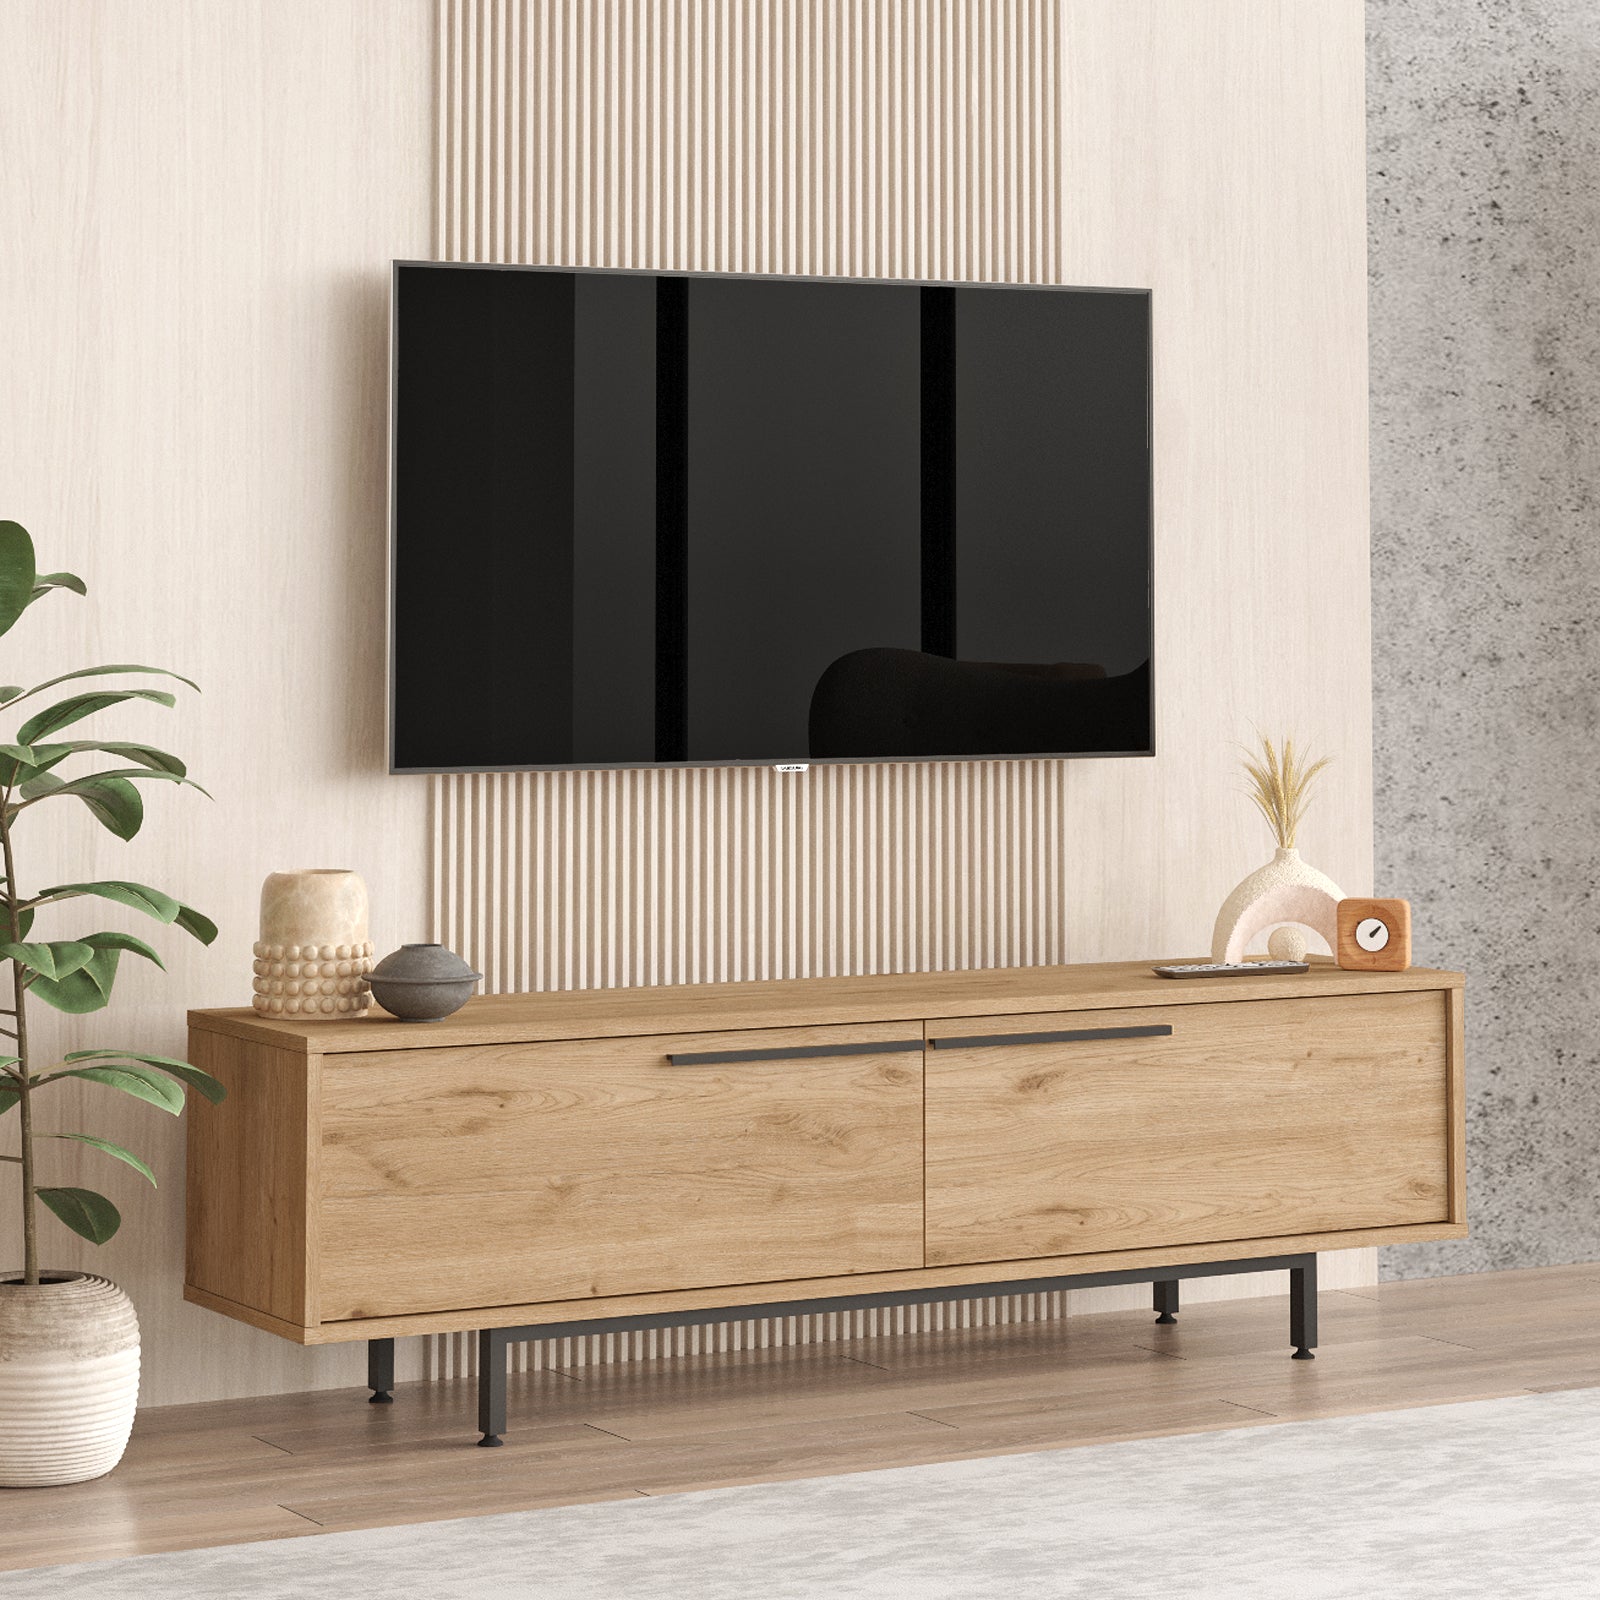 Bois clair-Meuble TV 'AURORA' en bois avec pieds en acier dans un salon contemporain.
◆ ◆ ◆ ◆ ◆ ◆ ◆
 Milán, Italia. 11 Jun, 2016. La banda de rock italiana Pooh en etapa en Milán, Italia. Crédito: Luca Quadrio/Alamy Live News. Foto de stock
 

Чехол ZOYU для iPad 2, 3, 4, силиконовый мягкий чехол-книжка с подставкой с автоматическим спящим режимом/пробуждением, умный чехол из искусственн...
◆ ◆ ◆ ◆ ◆ ◆ ◆
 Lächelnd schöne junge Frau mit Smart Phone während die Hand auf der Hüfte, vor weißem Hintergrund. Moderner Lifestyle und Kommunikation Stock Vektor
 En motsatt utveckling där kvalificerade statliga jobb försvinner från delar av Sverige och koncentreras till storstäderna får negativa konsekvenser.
◆ ◆ ◆ ◆ ◆ ◆ ◆
_What the task asks_:
Lines to set down from above: the line with "Lächelnd schöne junge", the line with "En motsatt utveckling", and every line between, each exactly as written.

_Exercise response_:
 Lächelnd schöne junge Frau mit Smart Phone während die Hand auf der Hüfte, vor weißem Hintergrund. Moderner Lifestyle und Kommunikation Stock Vektor
 En motsatt utveckling där kvalificerade statliga jobb försvinner från delar av Sverige och koncentreras till storstäderna får negativa konsekvenser.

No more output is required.